───── Data for this task ─────

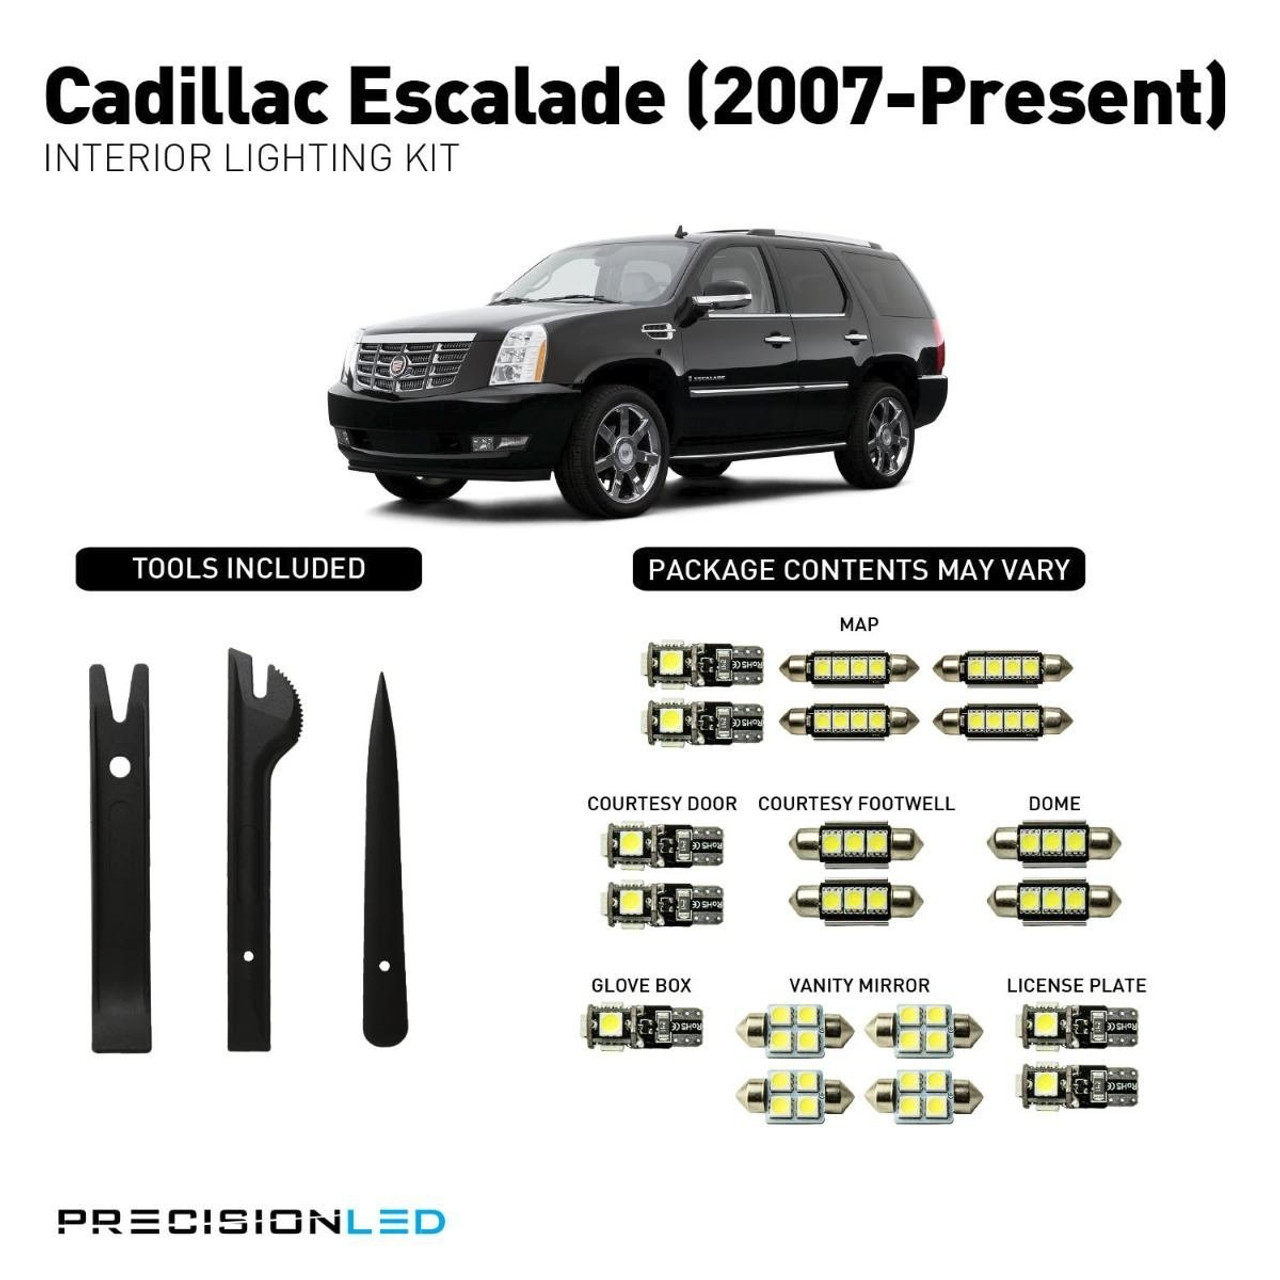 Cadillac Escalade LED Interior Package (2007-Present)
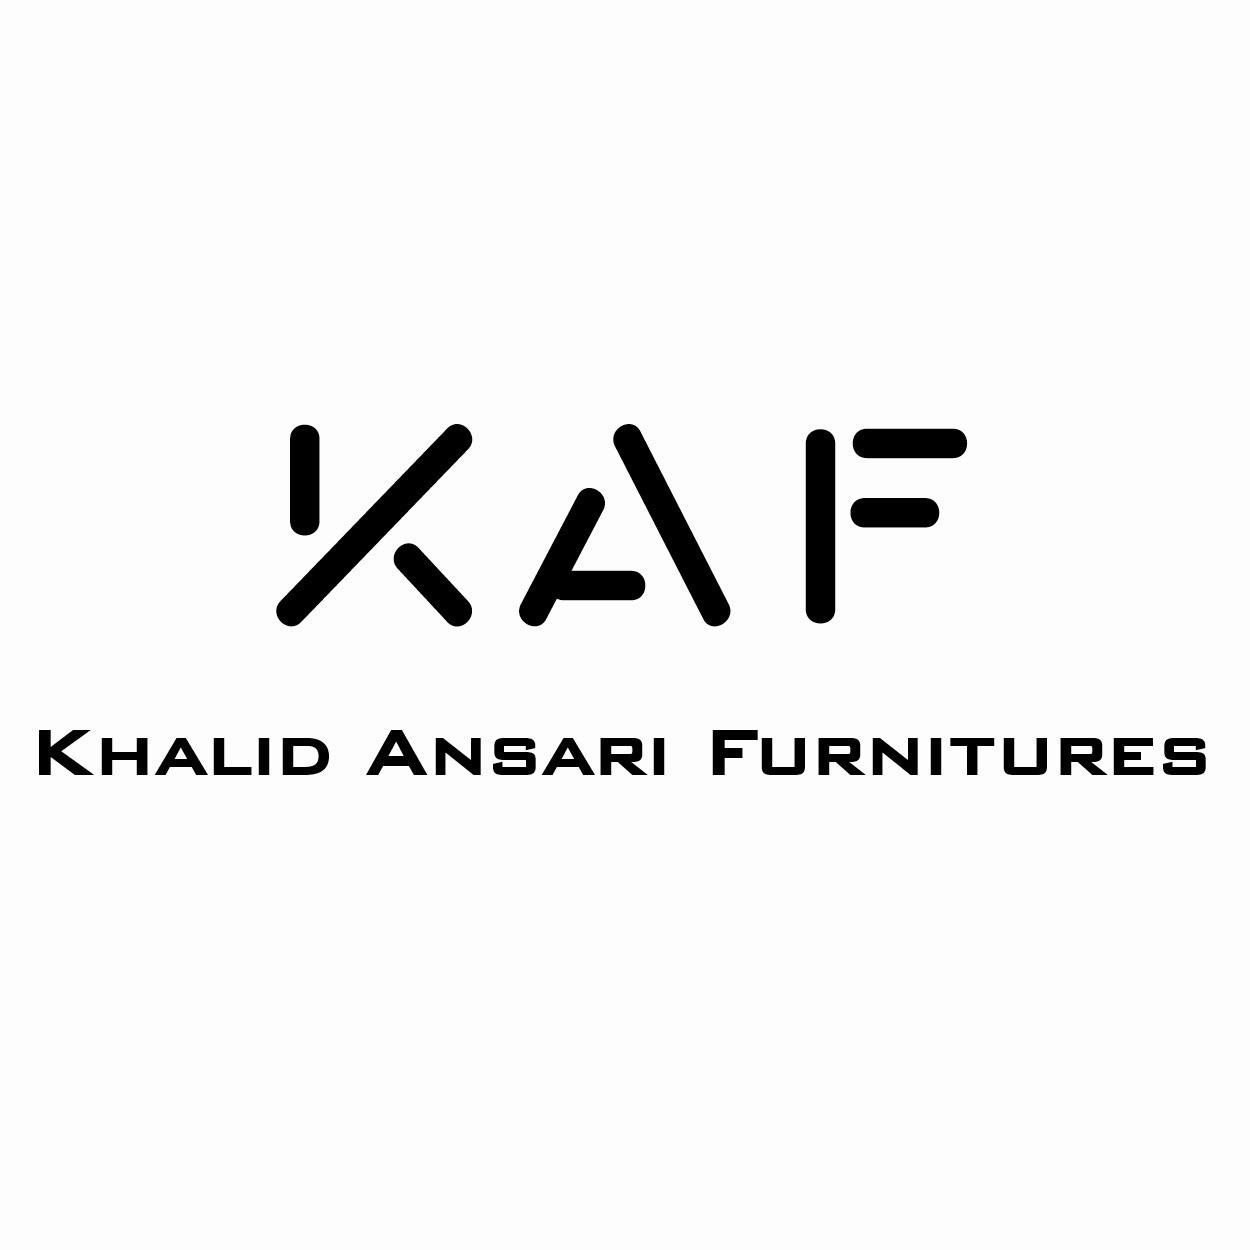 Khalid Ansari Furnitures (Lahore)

─────
───── Data for this task ─────

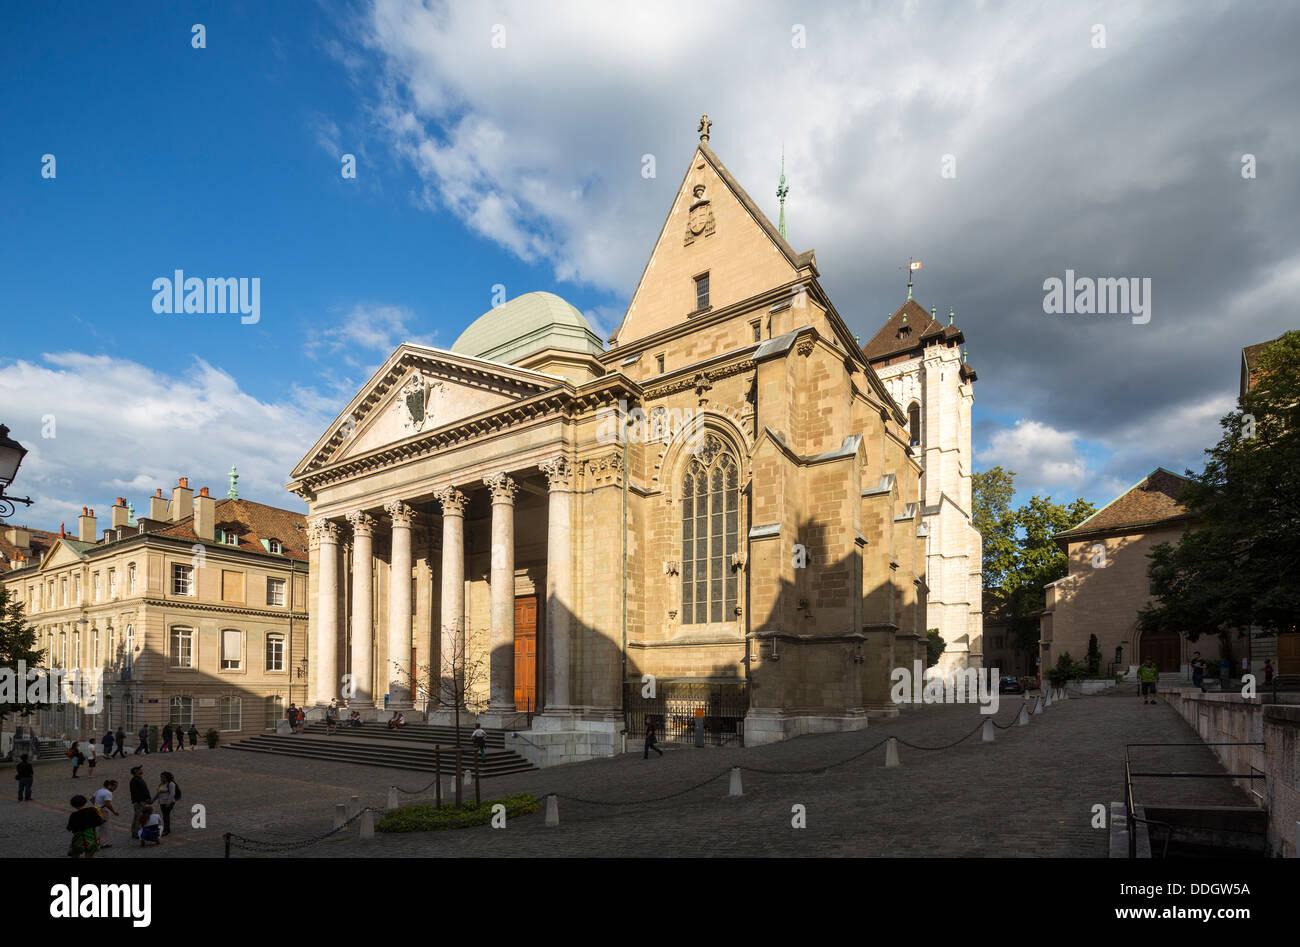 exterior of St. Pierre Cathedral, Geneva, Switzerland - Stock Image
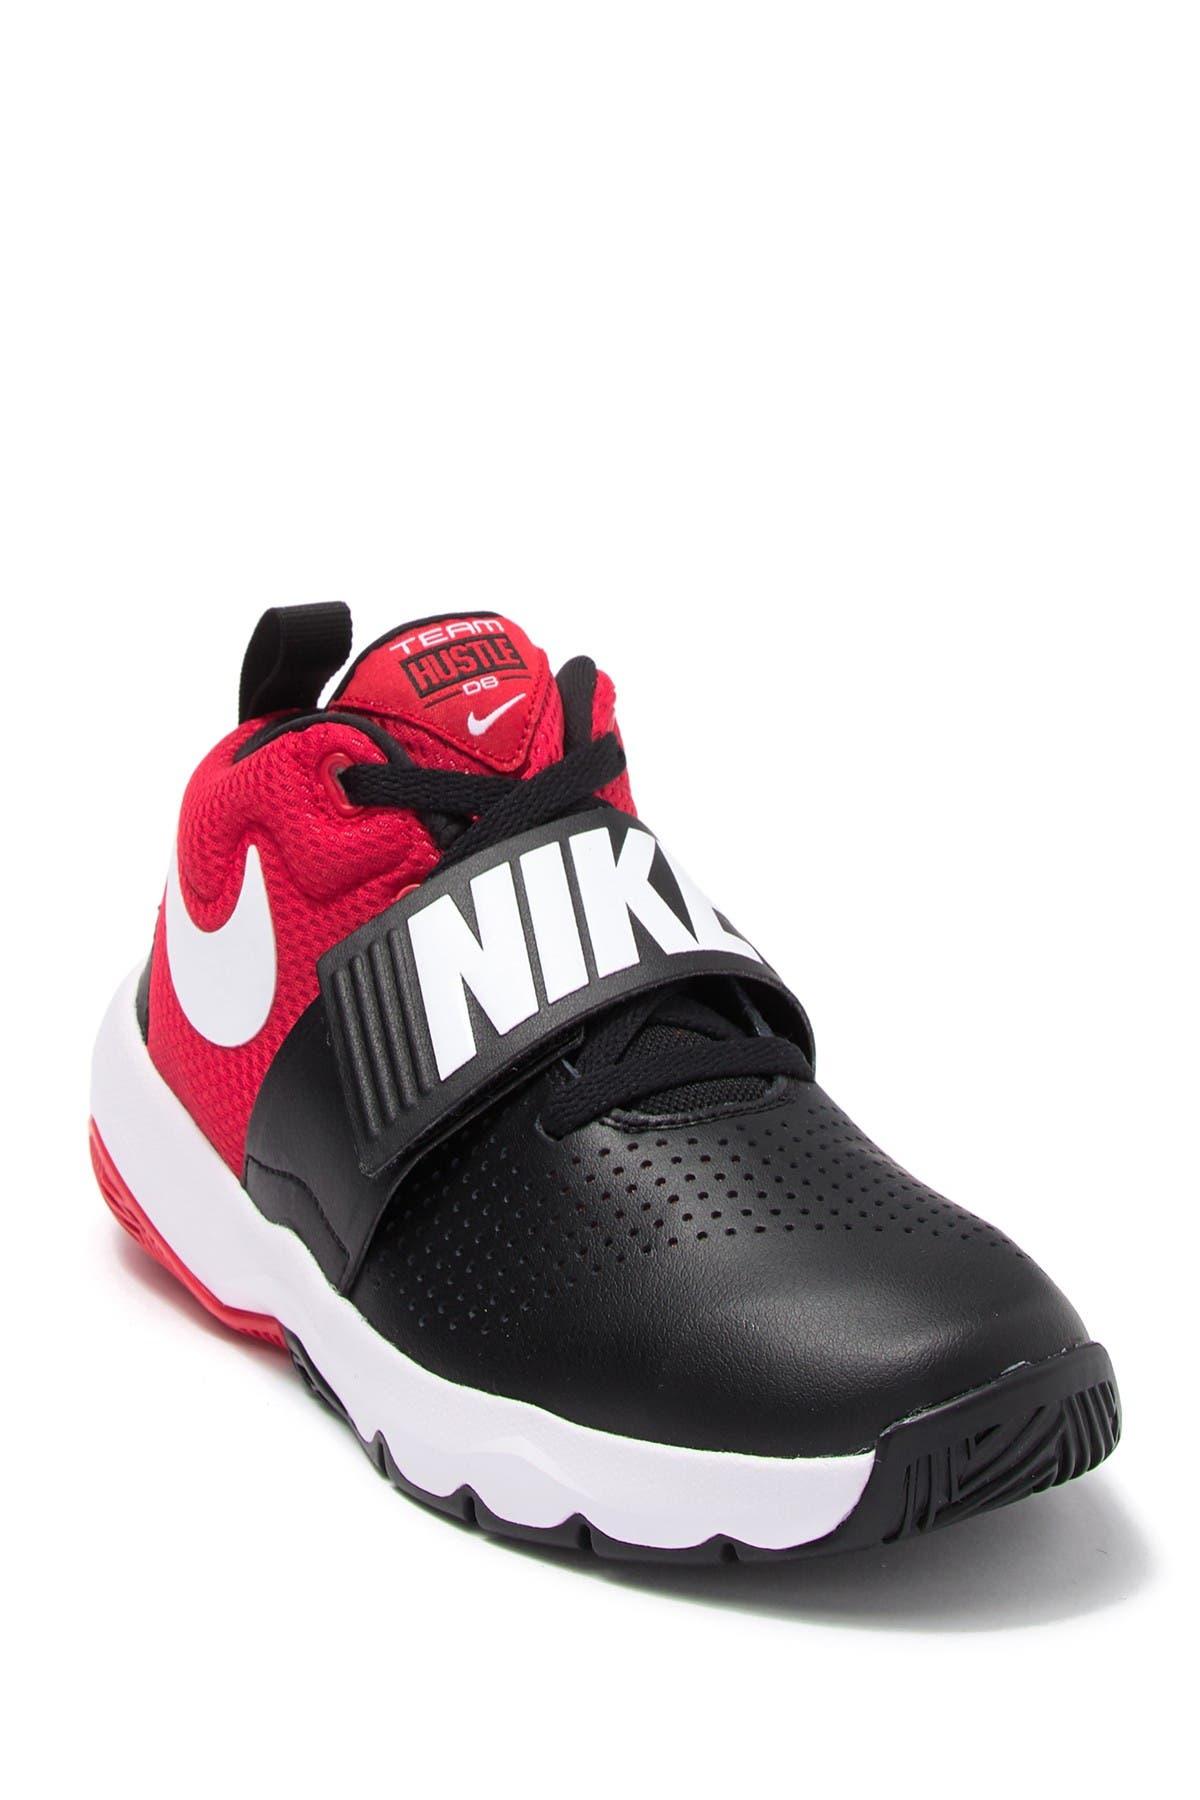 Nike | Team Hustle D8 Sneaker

─────
───── Data for this task ─────

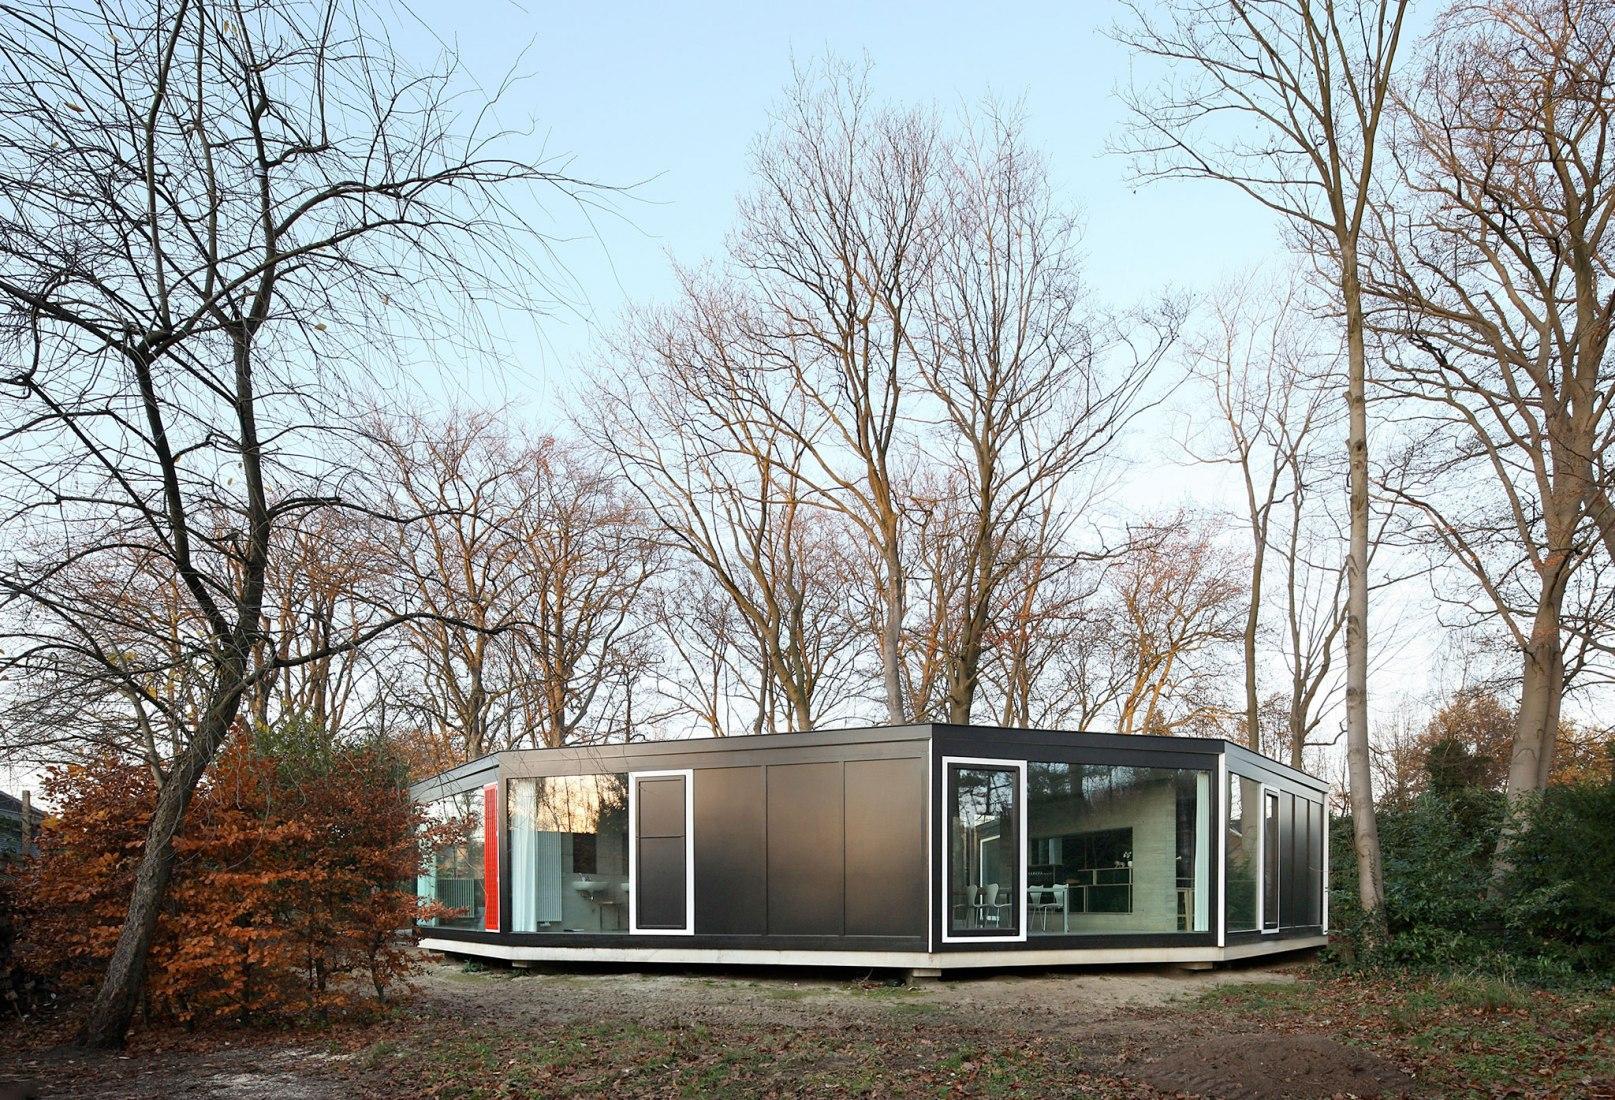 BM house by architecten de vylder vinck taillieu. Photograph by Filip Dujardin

─────

Copy out the lines above from the line containing "Cadillac Escalade LED" through the line containing "Khalid Ansari Furnitures (Lahore)", exactly, and keep the pictures out.

*Result of this task*:
 Cadillac Escalade LED Interior Package (2007-Present)
 Khalid Ansari Furnitures (Lahore)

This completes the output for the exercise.